In the middle of winter when fogs and rains most abound they have a great festival which they call Exmas , and for fifty days they prepare for it in the fashion I shall describe. First of all, every citizen is obliged to send to each of his friends and relations a square piece of hard paper stamped with a picture, which in their speech is called an Exmas-card . But the pictures represent birds sitting on branches, or trees with a dark green prickly leaf, or else men in such garments as the Niatirbians believe that their ancestors wore two hundred years ago riding in coaches such as their ancestors used, or houses with snow on their roofs. And the Niatirbians are unwilling to say what these pictures have to do with the festival, guarding (as I suppose) some sacred mystery. And because all men must send these cards the market-place is filled with the crowd of those buying them, so that there is great labour and weariness.

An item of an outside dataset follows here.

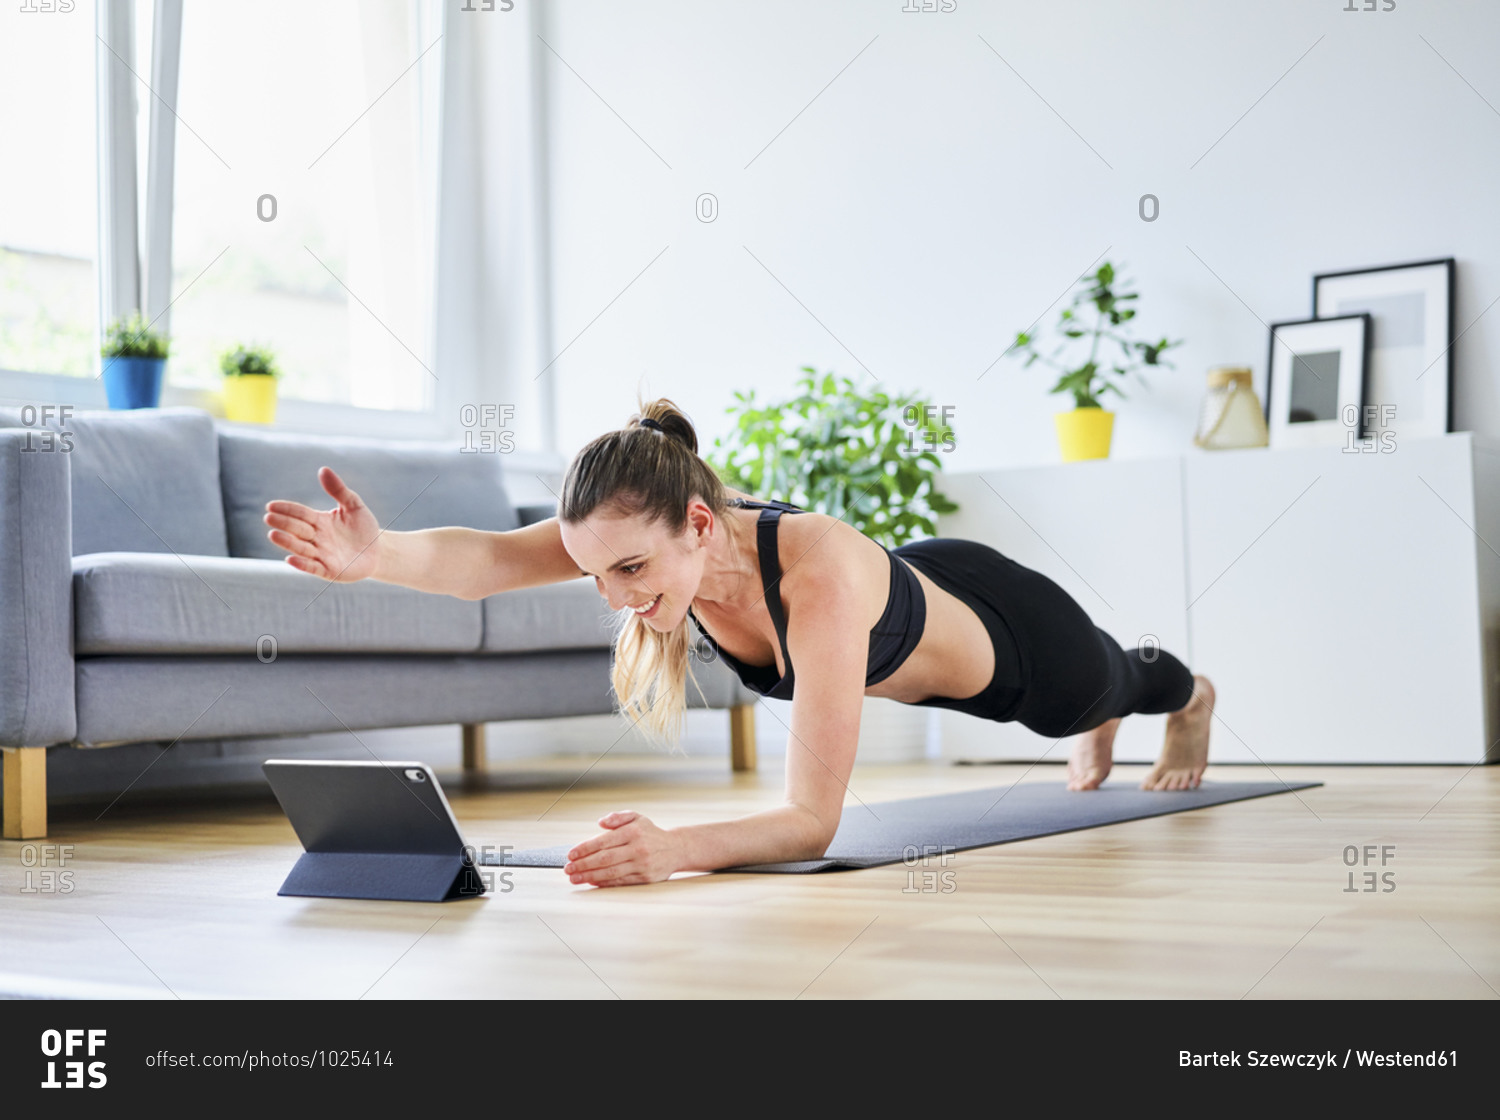 Woman extending arm during plank pose while learning exercise on internet through tablet PC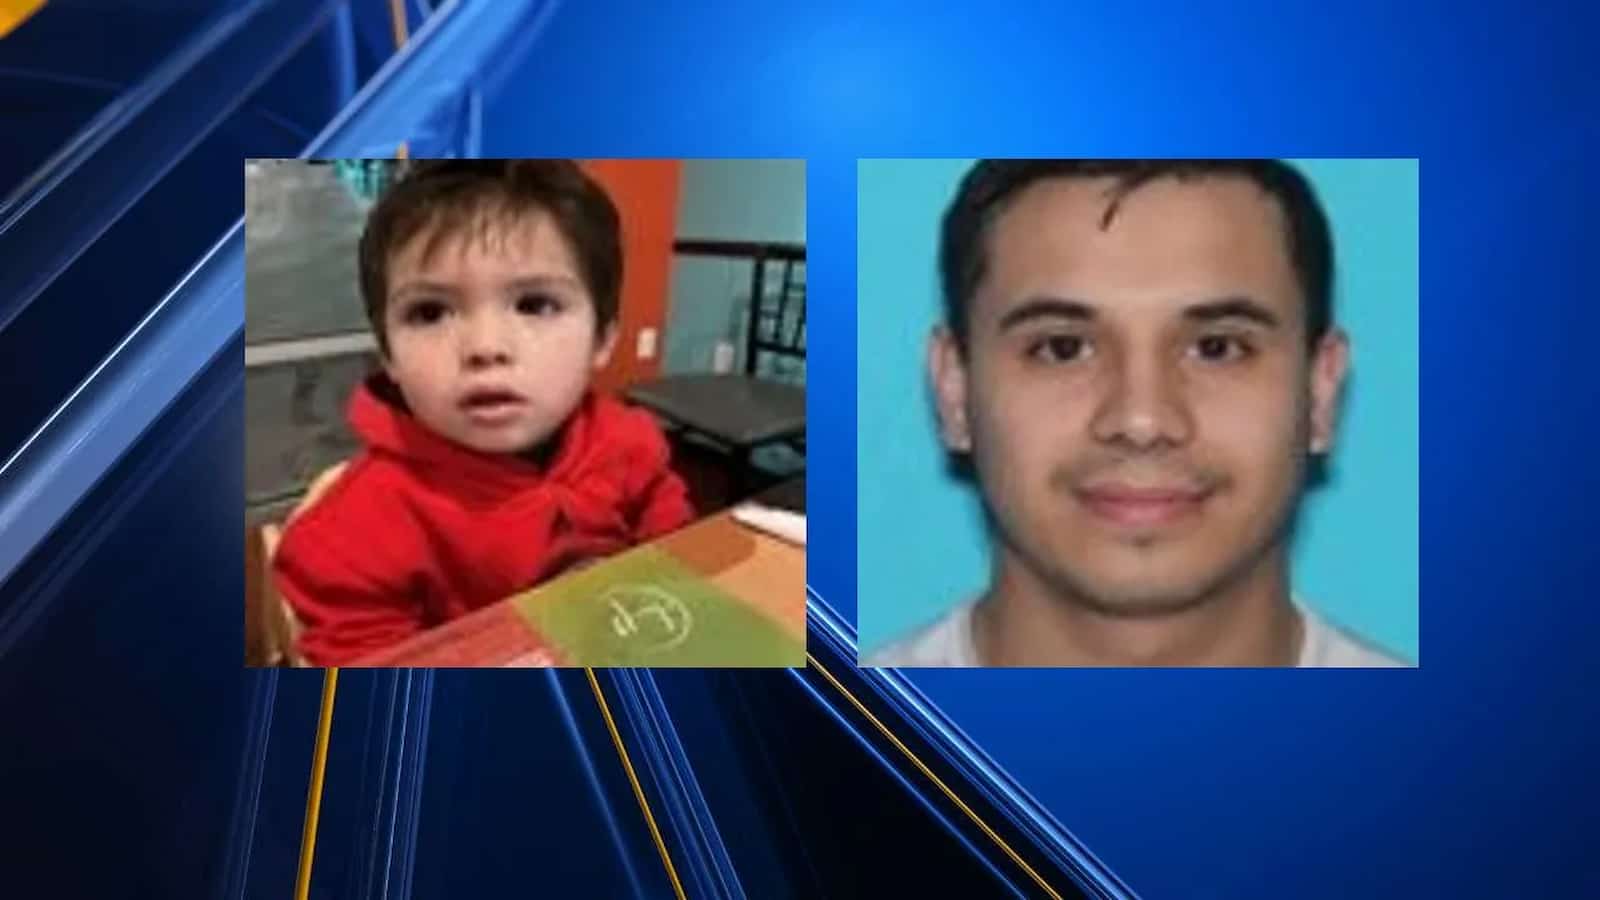 AMBER Alert issued for missing 2-year-old in El Paso

But having bought as many as they suppose to be sufficient, they return to their houses and find there the like cards which others have sent to them. And when they find cards from any to whom they also have sent cards, they throw them away and give thanks to the gods that this labour at least is over for another year. But when they find cards from any to whom they have not sent, then they beat their breasts and wail and utter curses against the sender; and, having sufficiently lamented their misfortune, they put on their boots again and go out into the fog and rain and buy a card for him also. And let this account suffice about Exmas-cards.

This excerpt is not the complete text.